It takes all of 2 seconds to squeeze it onto your hands, and you can apply it
on your way to the next patient.

------
tripzilch
This article definitely took its sweet time to get to the point. Sure it's
interesting, but the first thing I want to know is, "what did they do this
time?", so I can decide whether maybe I already know about it or not.

Certainly the story about developing new products for a failing healthcare
industry is interesting, and I would love to have read about it, if I hadn't
been skimming through "yeah yeah yeah and how did they prevent him from
bringing it to market? skip skip skip, aha."--IMO, it's just wasting my time,
though I would have gladly read the stories about the entrepeneurs if only
they'd have gotten to the point _first_.

Even though I thankfully don't have anything to do with the US healthcare
system, I'd love to pass this story on to some of my friends that
unfortunately do. Except I don't want to waste their time either.

And that really is a missed opportunity to bring to light something rotten in
the system, because of a badly written article.

------
scotty79
"Then, in 1986 Congress passed a bill exempting GPOs from the anti-kickback
provisions embedded in Medicare law. This meant that instead of collecting
membership dues, GPOs could collect “fees”—in other industries they might be
called kickbacks or bribes—from suppliers in the form of a share of sales
revenue."

No one in their right mind could imagine that anyone could be genuinely stupid
enough to think that allowing organisation that was supposed to work for
buyers, take money from sellers is a good idea.

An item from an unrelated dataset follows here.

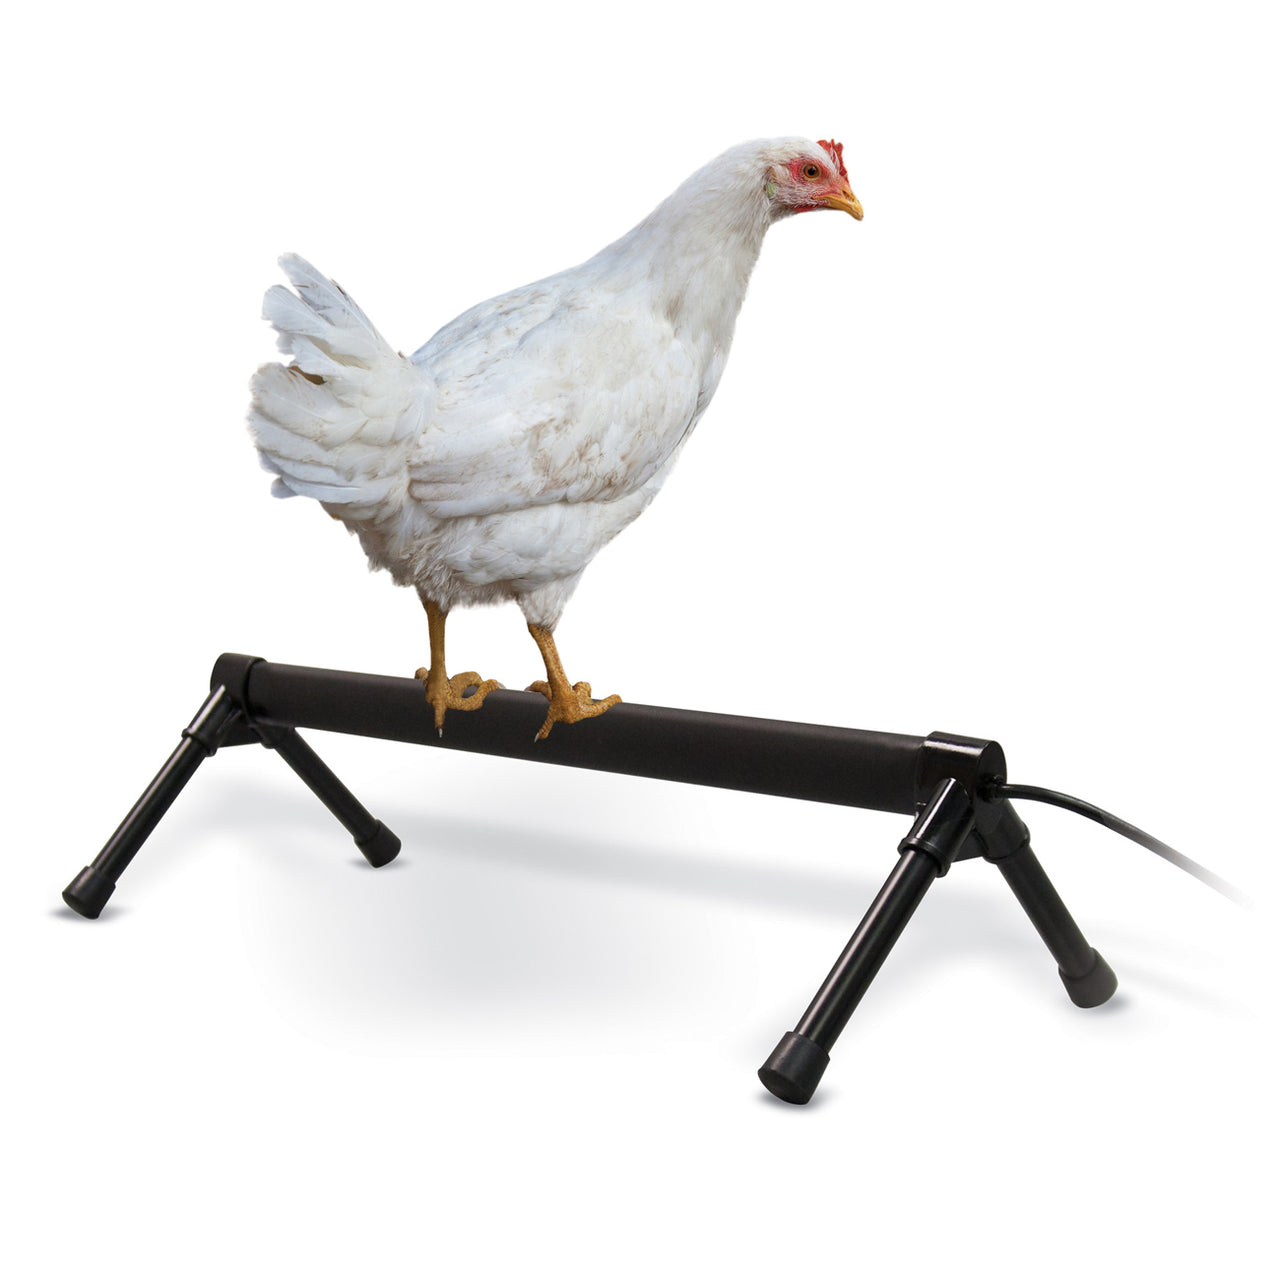 K&h Pet Products Thermo-Chicken Perch Gray 26 - Chicken Perch K&h Pet Products - Canada

That law was 100% surely bought. You don't need any other proof that USA has
best Congress money can buy.

------
guard-of-terra
But why doesn't they try to sell to other hospitals? In Europe, e.g., Switz
hospitals are very well known for their quality. They might be interested.

------
digitalengineer
Reminds me of something: "Hacking Human Waste"
<http://news.ycombinator.com/item?id=3456484>

Two guys found (and patented) a way to get rid of very expensive human
(hospital) waste. Working product in a few hospitals and everything, but
they're looking for a way to scale up (they are great hackers but suck at
finding an investor). Any tips?

------
anxiousape
So he's a great innovator. So stop complaining and sell it outside of USA.

------
TwoBit
While the main point about the medical supply monopoly seems solid, I'm
suspicious about this Shaw guy, his character, and his product. I'd like to
see an objective counter-point.

------
mahkra
This sounds like what the movie puncture was about. It doesn't end well.

Still worth seeing. <http://www.imdb.com/title/tt1582248/>

------
ricardonunez
I'm wondering if the best option for them isn't to create a partnership with a
existing manufactures. It will be easier for them to get in the market.

------
hypervisor
He needs to sell his product in a different country. If the system is broken
here, he should go elsewhere and see if he can make a change.

------
Duff
Is there anything significant, important market out there that is not a
cesspool of corruption?

------
Estragon
There's a movie based on this guy's struggle, but it's pretty terrible.

------
tylee78
reminds me of the 400 dollars the hospital charged me the other day for part
of a splint (the wrapping cloth) which was probably manufactured in China for
$.50

------
jmvoodoo
Someone needs to bring BYOD to the medical industry ;)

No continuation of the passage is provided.